I thought of that story again when I read about a court case in Missoula, Montana (you can read about it here and here). A woman, identified in court documents as L.K., was diagnosed with Stage I cervical cancer. She has hesitated to have a hysterectomy. Reportedly, she made this decision so far in part because she might want to have a child (something a physician has stated is unlikely but possible), and in part for “religious reasons.”
Her “religious reasons” were a matter of concern for one of her physicians and one of her nurses, who between the two of them sent three letters last fall to the Missoula County attorney’s office. The point of the letters was to question, based on her “religious reasons,” whether she was competent to make the decision regarding surgery and a condition that would eventually be fatal if left untreated. A medical guardian was appointed, who signed a consent for the hysterectomy. The surgery was scheduled for last Thursday, but has been postponed by the State Supreme Court to allow an appeal by a public defender.
In a hearing last week, a psychiatrist stated that the patient had “religious delusions,” including that “God had healed her.” These delusions prevented her from making the appropriate decision to accept the surgery. The patient, on the other hand, said she did understand her condition and her risk. She simply wanted to make her own decision on her own schedule. Her public defender said she is not delusional, but simply very religious, and that forcing this surgery would harm her religious freedom, her physical integrity, and her dignity.

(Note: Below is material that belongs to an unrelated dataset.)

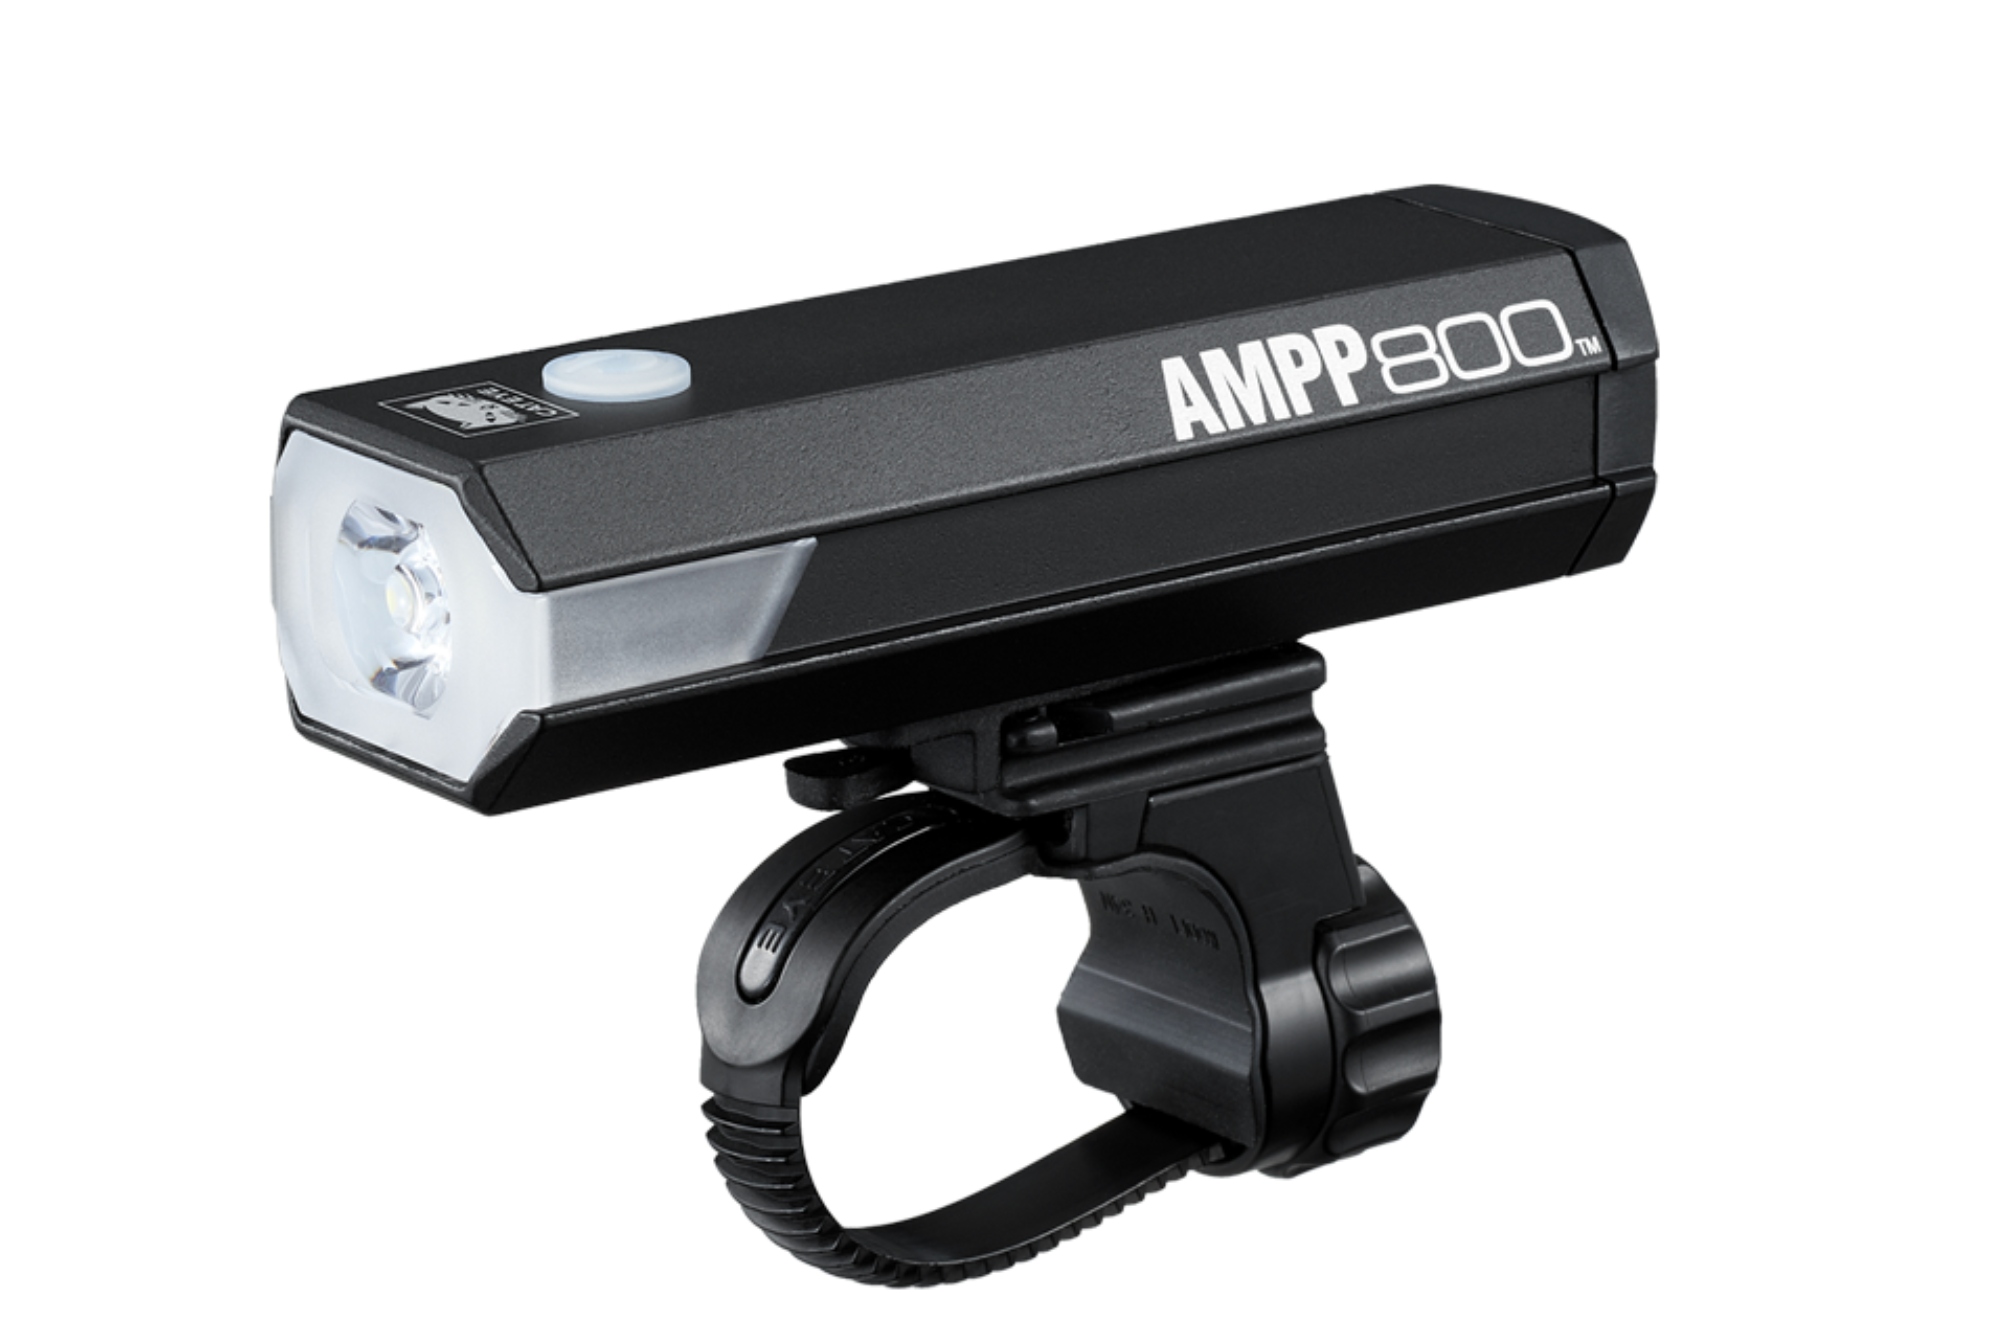 Cateye AMPP 800 front light | Cycling Weekly

Now, let me say that it is entirely possible that a person might be delusional with religious ideation. It is possible that is the case with this woman. However, without actually hearing the conversations, I couldn’t say for myself which I thought was the case. And while I do have respect for psychiatrists and psychologists, and find that the great majority of them have respect for patients’ religious concerns, there are exceptions. There are still those who feel that any religious thoughts are by definition dysfunctional. Again, without actually hearing the conversations, I hesitate to express an opinion.
There is, though, another point from which to consider this. I have observed that autonomy has become the driving moral principle in health care decisions these days. This case has in tension the patient’s autonomy with the physicians’ concern for the patient’s best interest (Beneficence). Now, if and to the extent that this woman is delusional, she may be limited in understanding her own best interest (and I say “to the extent” because decisional capacity isn’t really all or nothing); but if and to the extent that she is not delusional, she has the right to make this decision, even if she ends up dying for it.
That’s really the hard point of the principle of Autonomy for many health care providers. If we are to allow patients to make their own decisions, we have to respect their right to make even decisions we thing are wrong. Yeah, we might think a particular decision is wrong, or even crazy; but that doesn’t make the patient crazy in the clinical sense.
We can certainly hope that the judge will give the appeal careful and thorough consideration. L.K. certainly needs for the review to be thorough, but so do the rest of us. If it appears that a patient has been declared incompetent only because the patient refuses a treatment, even a treatment that may be life-saving, there is the risk that a court decision may result in loss of rights for many of us.